Andrew is an experienced engineer with a specialization in Machine Learning and Artificial Intelligence. He is passionate about programming, art, photography, and education. He has a Ph.D. in engineering.


  1. Hi, Andrew. Thanks for this wonderful write-up! Always super helpful and easy-to-follow. One thing I could never get working and is related to this tutorial is getting Instruct Pix2Pix to be implemented in ComfyUI. Any chance you could add that to your list to cover?

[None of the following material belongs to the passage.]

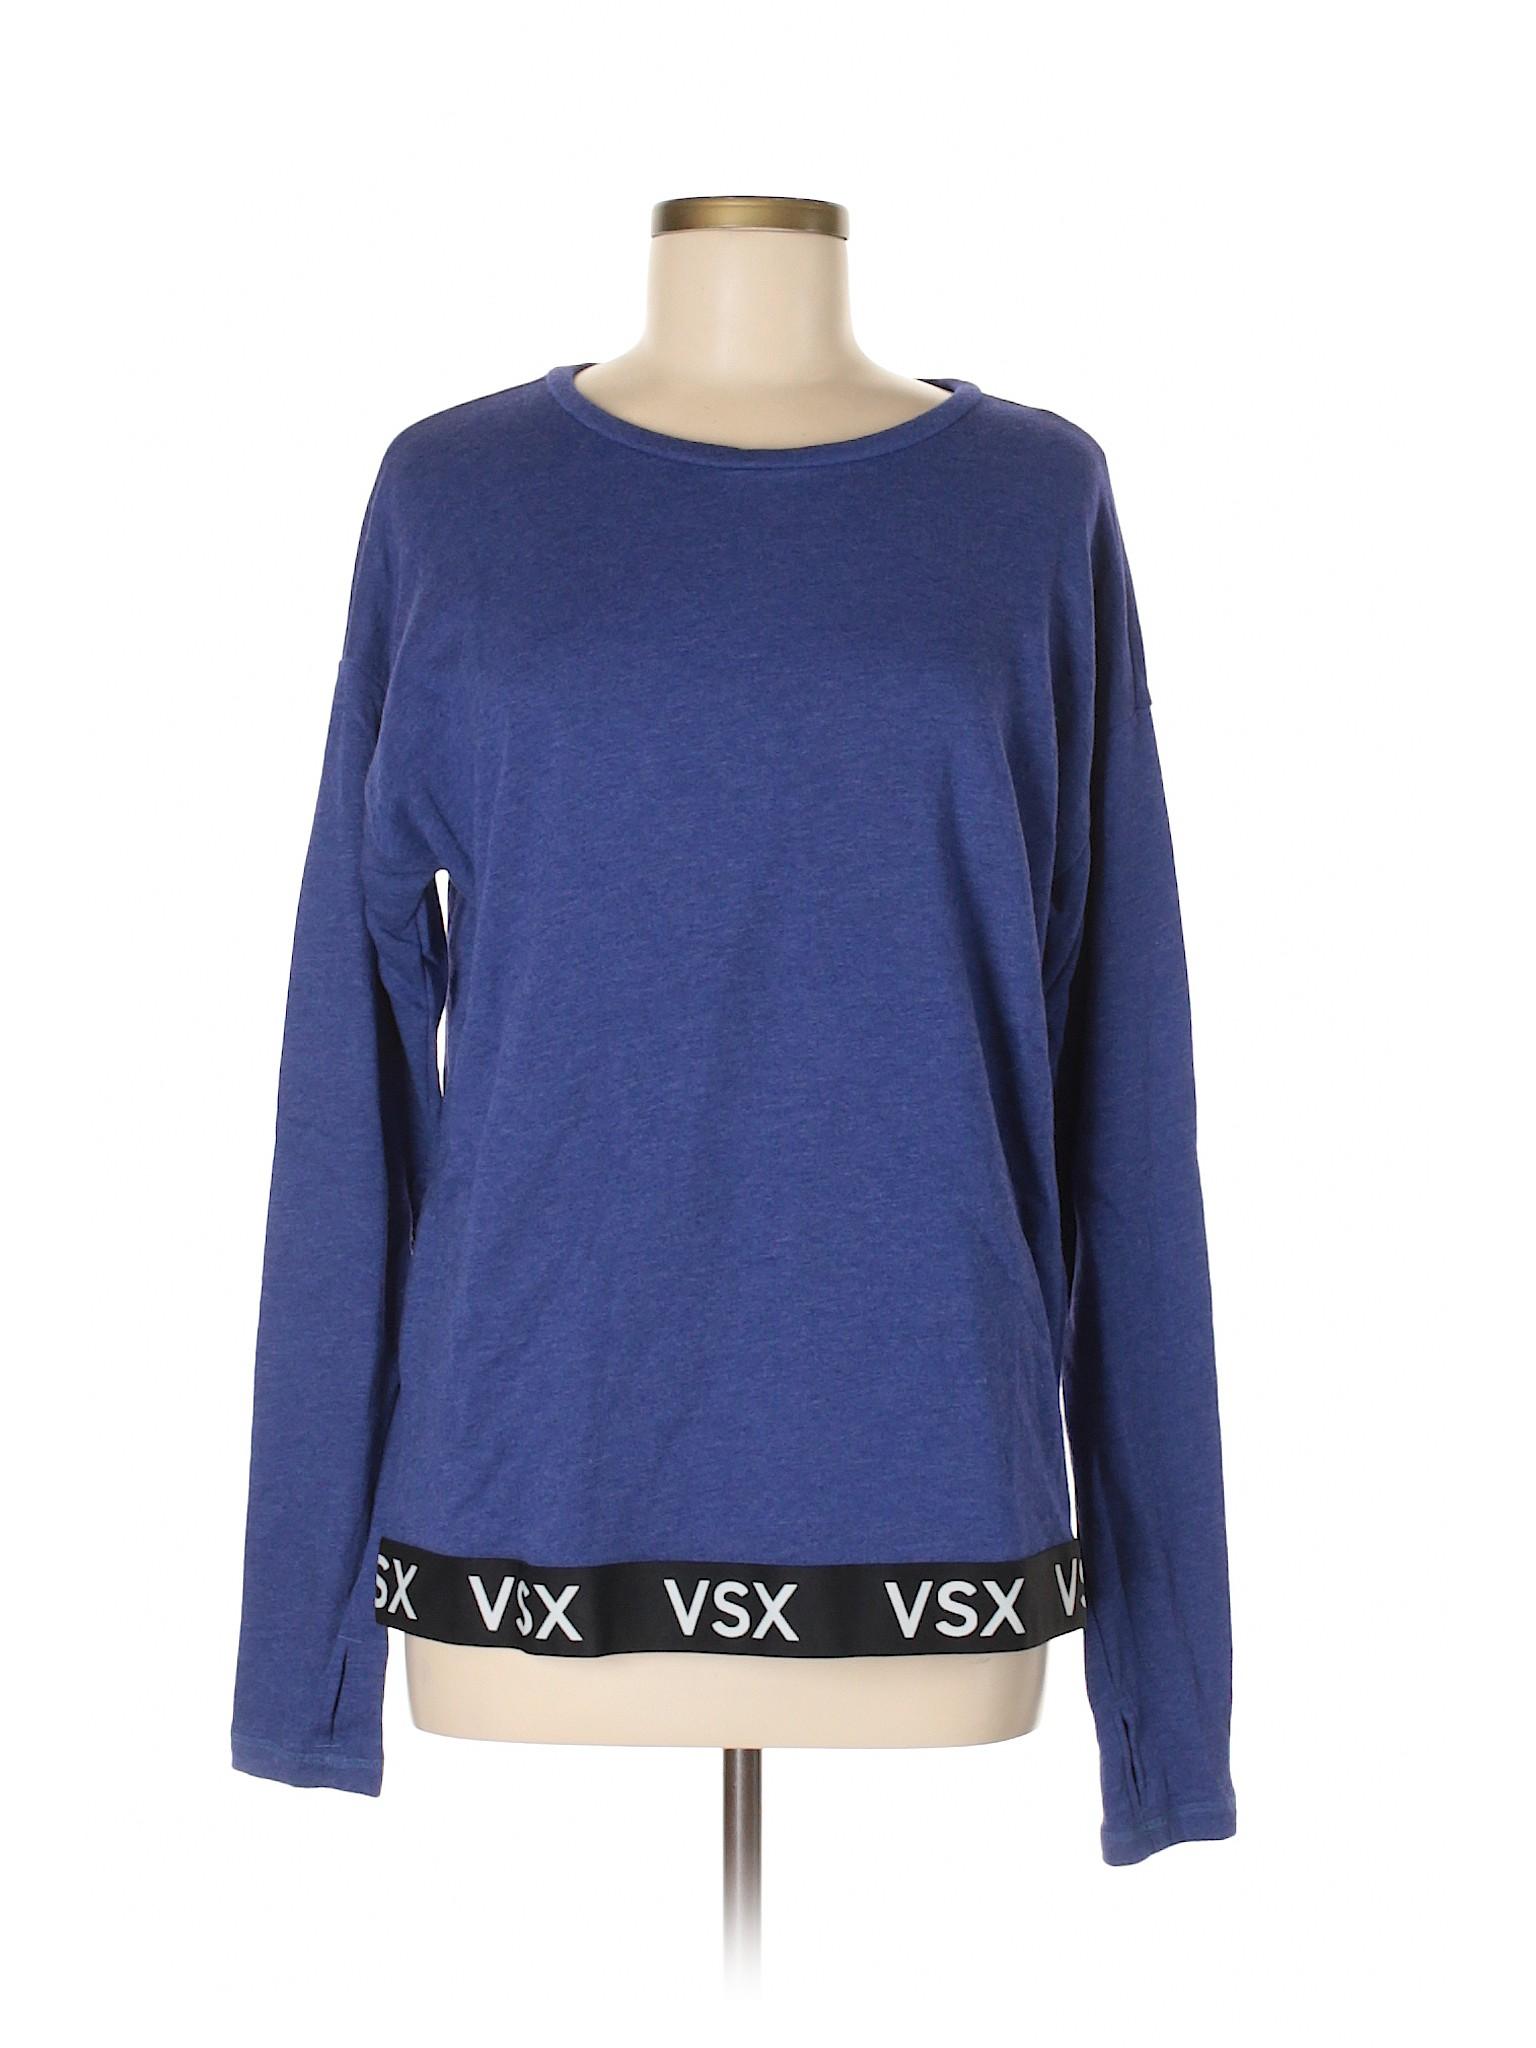 Sweater Pullover Boutique Sport Boutique VSX VSX wRqpS4Z

  2. 2: What is the mechanism that prevents the inpainting models to work with workflow 1 on this page? Thought that the base (non-inpaiting) and the inpainting models differ only in the training (fine-tuning) data and either model should be able to produce inpainting output when using identical input. But, when using workflow 1, I observe that the inpainting model essentially restores the original input, even if I set the de/noising strength to 1.0. How should the original input leak to the output even though it was supposed to be wiped for the area specified by the mask? And how exactly these two types of models are implemented differently (aside from the training data)?

    1. The inpainting model needs an extra image conditioning. The only way to setup the conditioning correctly is to use the VAE (inpaint) node. The output is the same as the original because the workflow failed to use the inpainting model correctly.

  3. Andrew, could you advise on the following points?

    1: where to download from the exact same models that you are using in these samples? This is the closest that I can find for V5.1 inapaintig. But even if I select the V5.1-inpainting (VAE) model in the upper tab, the model that gets downloaded is realisticVisionV60B1_v51VAE-inpainting.safetensors and not realisticVisionV51B1_v51VAE-inpainting.safetensors. Is there any place where I can find the 5.1 model? Same question for the “non-inpaiting” variant.